As the distribution in Banashewa begins, the omda (chief) is summoned to receive the first buckets of maize and sorghum seeds, as a symbolic gesture. The chief, called Yousef, would likely have been present already but was only able to make a brief appearance, as he was presiding over the village court– at issue was the question of two men who had allegedly claimed the same woman as their wife.

Before taking the buckets of seeds, Yousef, a small older man wearing matching white pants and a shirt addresses the gathered crowd, speaking in the local Mabaan language.

“We will plant these seeds, and if there is rain, I know we will be able to succeed,” he says authoritatively, his voice quieting more than 150 people waiting. “God is the one who will make it possible.”

Finished speaking to the crowd, Yousef moves to the front of the line, collecting a bright green plastic bucket. Dried yellow and red maize kernels are spread out on a plastic sheet; he plunges the bucket into the pile, filling it. Setting the bucket back down on the pile, he brushes his hand
across the top, leveling the kernels at the top of the rim with a smile.

The sacks of maize empty quickly- fortunately, dozens of bags of sorghum seed remain. As people collect the seeds in their buckets, hollowed-out gara (calabash) bowls, and tied-together headscarves and mosquito nets, the piles quickly disappear.
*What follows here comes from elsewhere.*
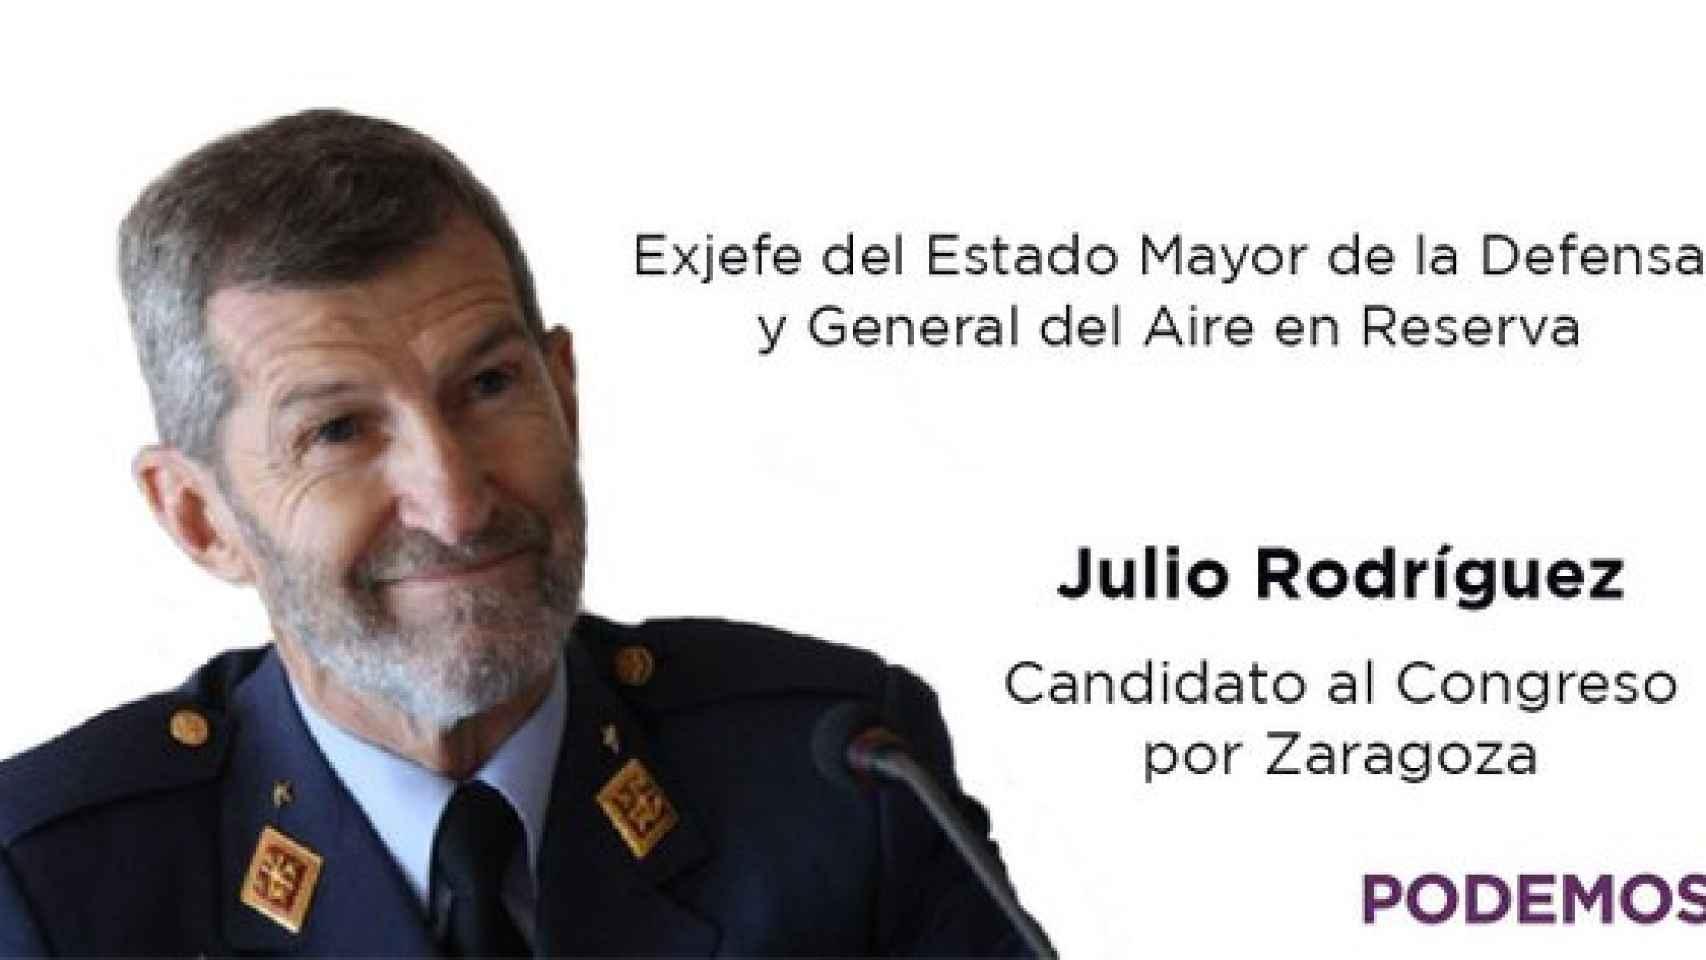 El tuit de Podemos anunciando el fichaje de Julio Rodríguez.

Two young men struggle to haul
additional sacks out of the grass-and-mud storehouse, staggering under the 100-kilogram (220 lb.) load before dropping it onto the plastic sheet.
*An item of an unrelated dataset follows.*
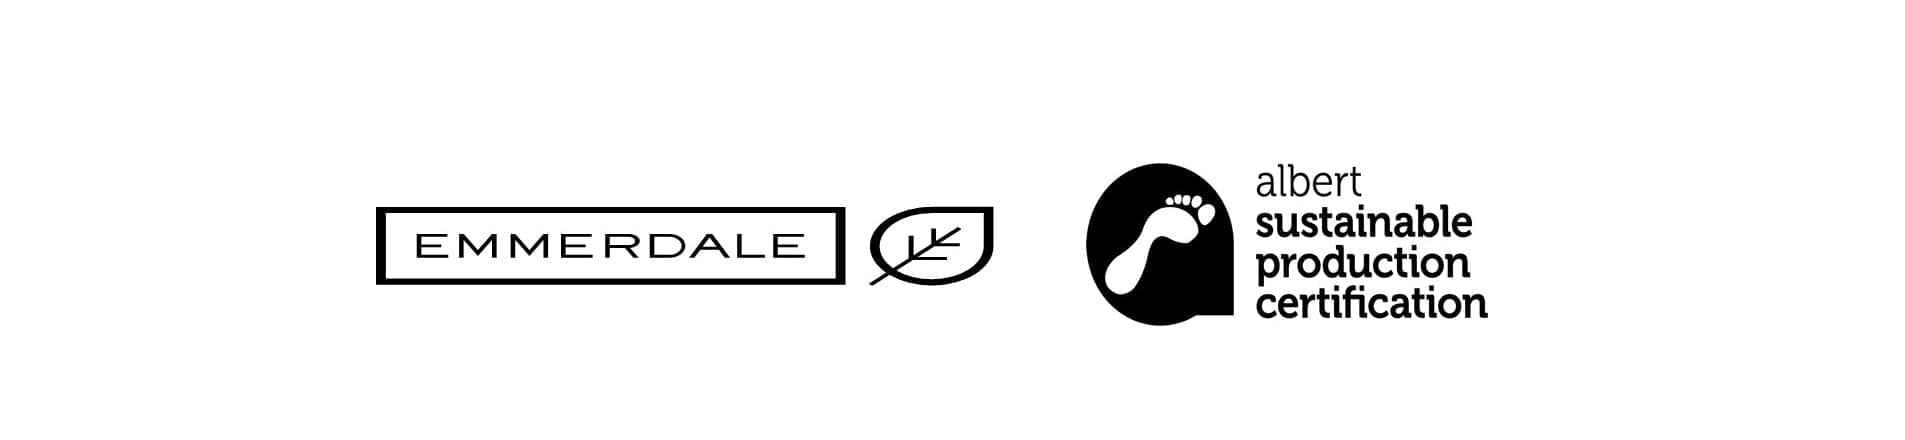 Image of Emmerdale logo

Elizabeth Yelo, 24, is the first woman to come to the head of the line. She has waited for almost an hour. Her orange and pink sash is tied across a red t-shirt- a patterned headband keeps the sweat out of her eyes. She is collecting seeds to plant for herself and her two-year-old son, named Sankwat; as a single mother, she has few means by which to support herself, making the sorghum she receives today all the more vital.

“I’m alone and want to farm so I can help my child,” she says, speaking in Mabaan through a translator. “If I don’t have these seeds, I can’t plant anything.” Placing a plastic bucket on the ground, Mayodi pours in sorghum seeds; as she moves out of line, Simon, a volunteer community mobilizer with Mercy Corps, hands her the metal heads for a pick and a hoe, tools she can use to break up the hard earth and plant. Placing the tools into the bucket along with the seeds, she balances it atop her head and walks off.

Farther down the line, Deng Chuba waits. A blue-and-black knit cap is pulled down across his forehead, and he carries a large bucket. He has only recently arrived in Banashewa, and the seeds will be a critical first step for him, his wife, and their four children.

“It’s very helpful to us, since we just arrived here,” he says in a gravelly voice, speaking Arabic. “I can grow a crop that will multiply and get bigger.”

As the supply of seeds begins to dwindle, Gaga Goofoe comes to the head of the line. A wizened-looking old woman, she has a few wisps of thin white hair, a pair of metal hoop earrings, and sunken brown eyes clouded by time and cataracts. A middle-aged man, possibly her son, waits with her; Goofoe holds his shoulder to keep herself steady in the blazing sun.

“My son will cultivate for me,” she says in a voice barely above a whisper, when asked what she plans to do with the seeds. “I can grow a big crop with this.”

When the seeds are exhausted, the distribution comes to an end. As Mayodi, Wenesa, and the others fold the tarps and sort registration forms, a small boy who looks to be about three- years-old walks up, carrying an empty plastic water bottle. He grabs one of the few remaining handfuls of sorghum seeds in his small fist, and drops them into the mouth of the bottle. Filling it just under halfway, he gives a small smile and trudges off determinedly away from the rest of the crowd, heading away from the houses, and towards the waiting fields.